Case Study — Gemma's Kitchen

A Goan kitchen's identity, built to read from the road.

Client Gemma's Kitchen
Scope Wordmark & colour identity system
Discipline Brand identity
Year 2024

Gemma's Kitchen

Goan Restaurant
IC Colony, Mumbai
——
Brand identity system

Gemma's Kitchen is a Goan restaurant in IC Colony, Mumbai — a place that begins with a love story and serves the food that came with it.

It needed an identity from the mark outward: a name to hang above the door, a menu to hold at the table, a face for Instagram. One system that would carry the same warmth across signage, print, and screen.

The ask was a wordmark and a colour world — enough to open with, and consistent enough to grow into.

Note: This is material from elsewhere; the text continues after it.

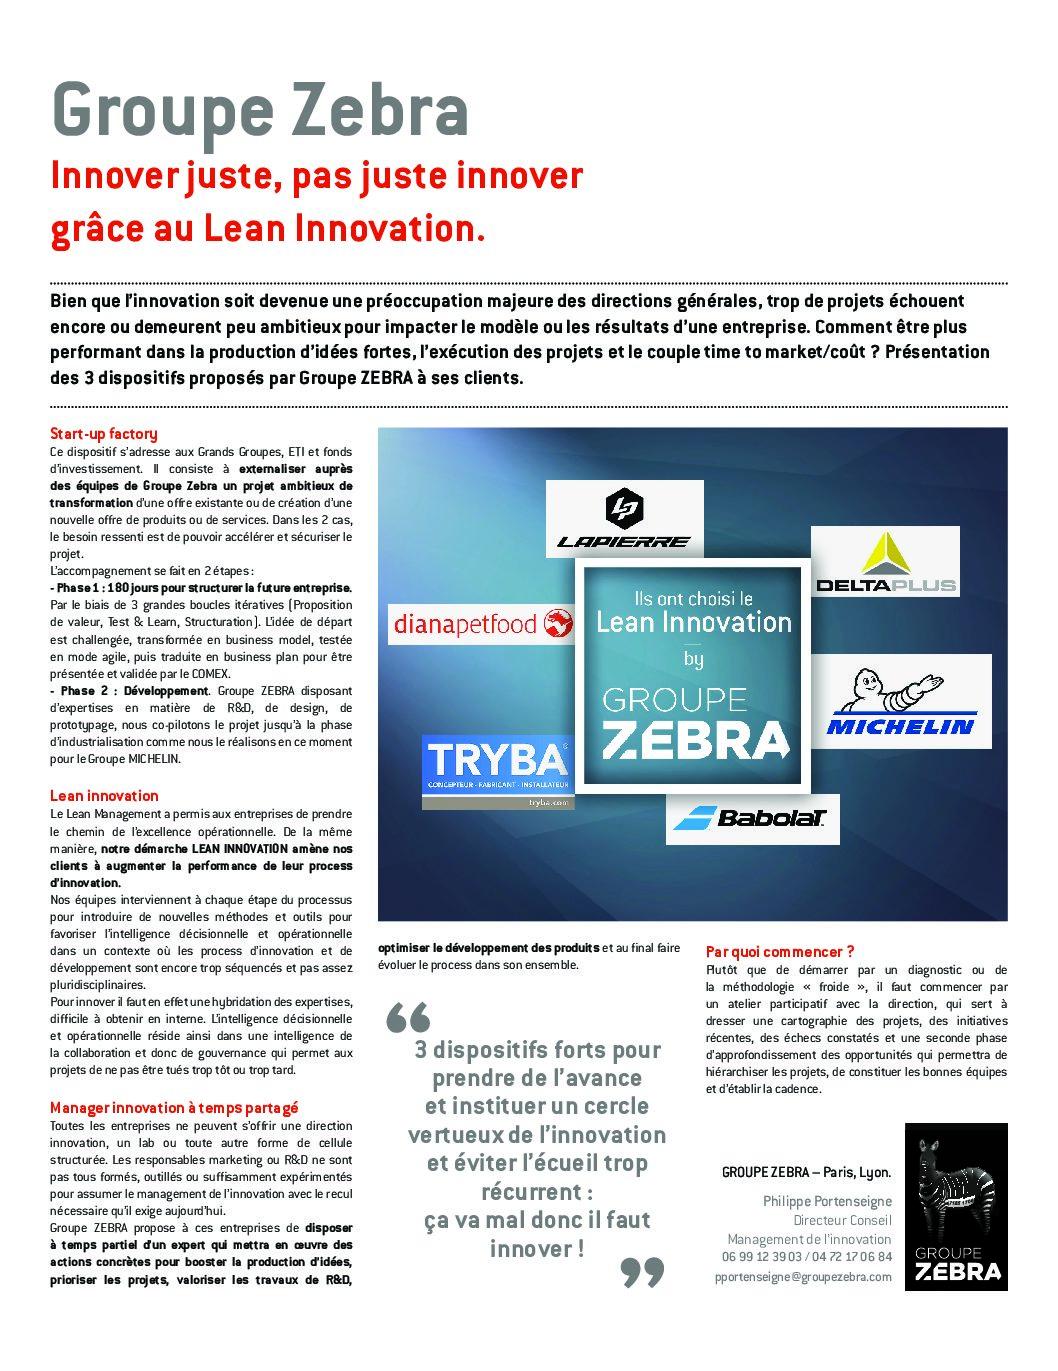 Groupe Zebra : Innover juste, pas juste innover grâce au Lean Innovation.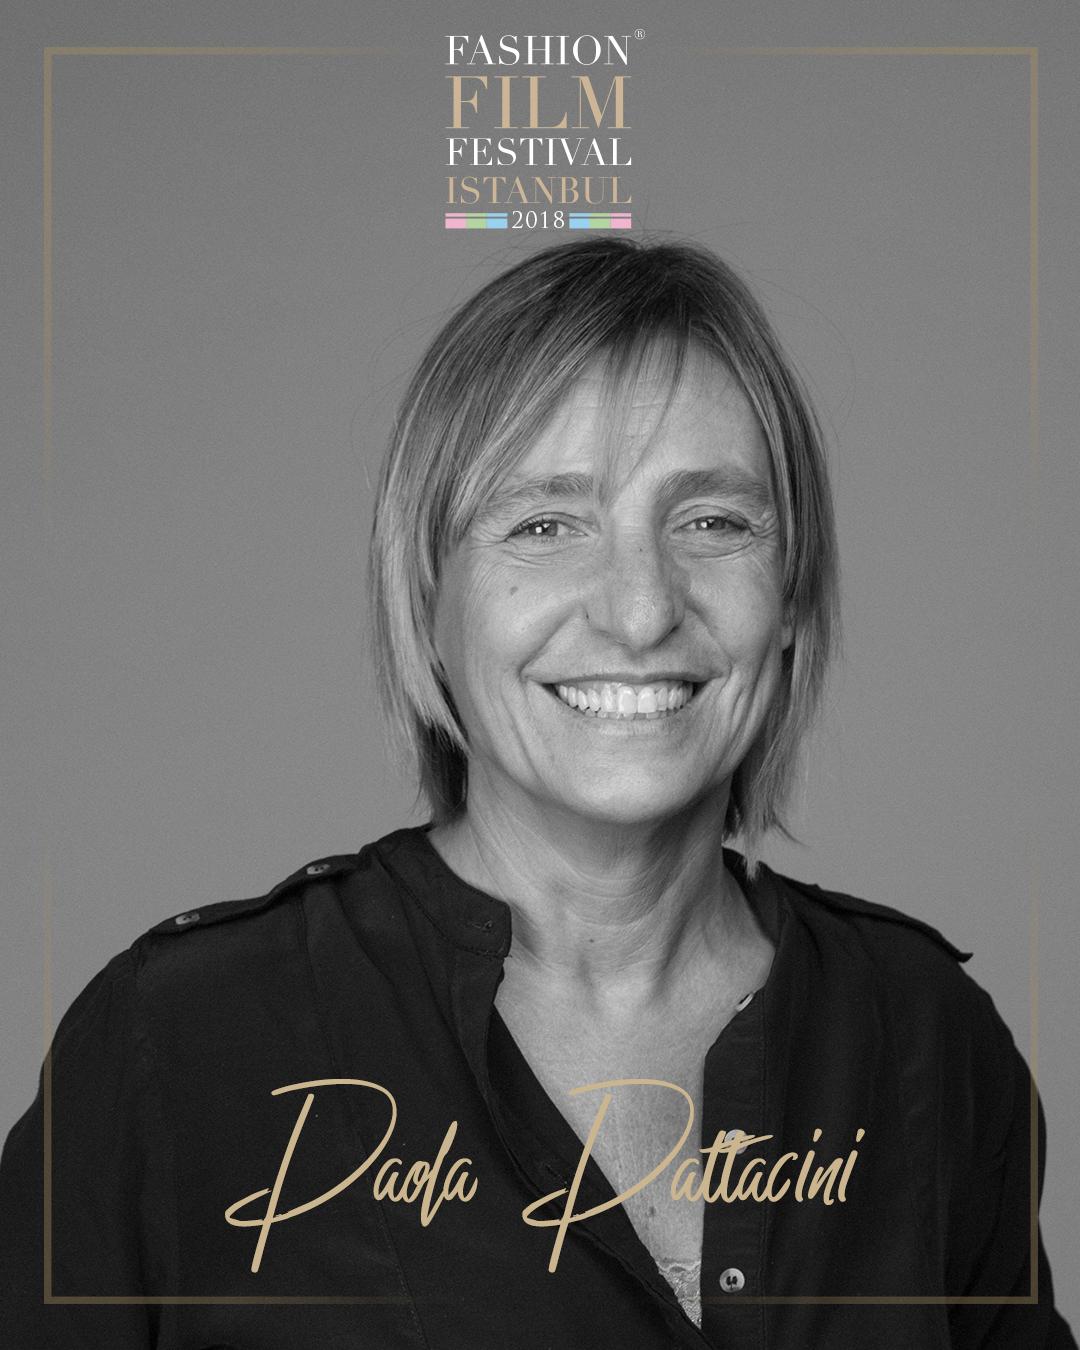 Paola Pattacini    Rome Fashion School Coordinator    IED Istituto Europeo di Design

Goa is a place you recognise before you can name it. The identity had to feel that way — coastal and Catholic-Goan, without spelling it out.

There is a shared visual memory to draw on. The deep bottle green of old Goan shutters and colonial-era signboards. The warm gold of a hand-painted name board. The azulejo blue on church walls and house facades — the same blue that saturates Mario Miranda's Goa.

An identity could lean on that memory rather than invent a new one. The work was choosing which notes to play, and where — so the brand reads as a place first and a logo second.

Two surfaces set the terms. The name board has to carry from road distance, day and night. The menu has to feel personal in the hand. A single palette had to serve both without compromise.


Settle the mark first. Let colour carry the place.
  • 01 Three typographic directions. We drew the wordmark three ways — one bold and dramatic, one warm and flowing, one bold and rounded — so the voice could be chosen by eye before anything else was committed.
  • 02 A palette grounded in Goa. Forest green and warm gold as the primary; parchment and deep ink for print; a dark, cream-script reversal for evenings and digital; azulejo teal held back as the accent.
  • 03 One job per colour. Each palette was assigned the surface it performs best on — green and gold for the name board, parchment and ink for the menu, dark and cream for the lit evening sign and the feed. The system stays coherent because nothing is asked to do everything.

The Wordmark

Each direction reads cleanly at a glance and holds up at signage scale — the difference is tone. The review chooses the voice; colour follows.

  • Kaushan — bold & dramatic The most confident of the three. A script with weight, made to command a name board.
  • Yesteryear — warm & flowing Softer and more personal — closer to a hand-written recipe card than a storefront.
  • Lobster — bold & rounded Friendly and full, with the roundness of a welcoming kitchen.
[ Artwork — three wordmark directions: Kaushan, Yesteryear, Lobster ]

The wordmark — three directions for review

The Colour System

Four palettes, each with a clear home — together they cover every surface the restaurant lives on, from the road to the feed.

  • Forest green & gold — primary The name board above the door. Maximum contrast, legible day and night from road distance, with genuine Goan-Portuguese authority.
  • Parchment & ink — print The inside of a hand-written recipe card. The menu, the visiting card, the default page — the version people hold in their hands.
  • Dark & cream — evening & digital The lit evening variant: a glowing sign after dark, and the strongest performer on the Instagram feed and backlit signage.
  • Azulejo teal — accent The most distinctly Goan note — tile blue from church walls and old facades. Held for story covers, seasonal inserts, and highlights.
[ Specimen — four-palette colour system with surface assignments ]

The colour system — four palettes, one identity

In Place

The mark was carried onto the surfaces that matter — the name board at scale, the menu cover and inside pages, the visiting card, and a circular monogram for the Instagram profile — then delivered as a full set of formats: light, dark, mono, and reversed.

[ Mockups — name board, menu, visiting card, profile monogram ]

Applications — signage, menu, card, and profile mark



A restaurant's identity earns its keep on a name board and a menu before it ever reaches a screen. Get those right, and the brand already feels like the place it names.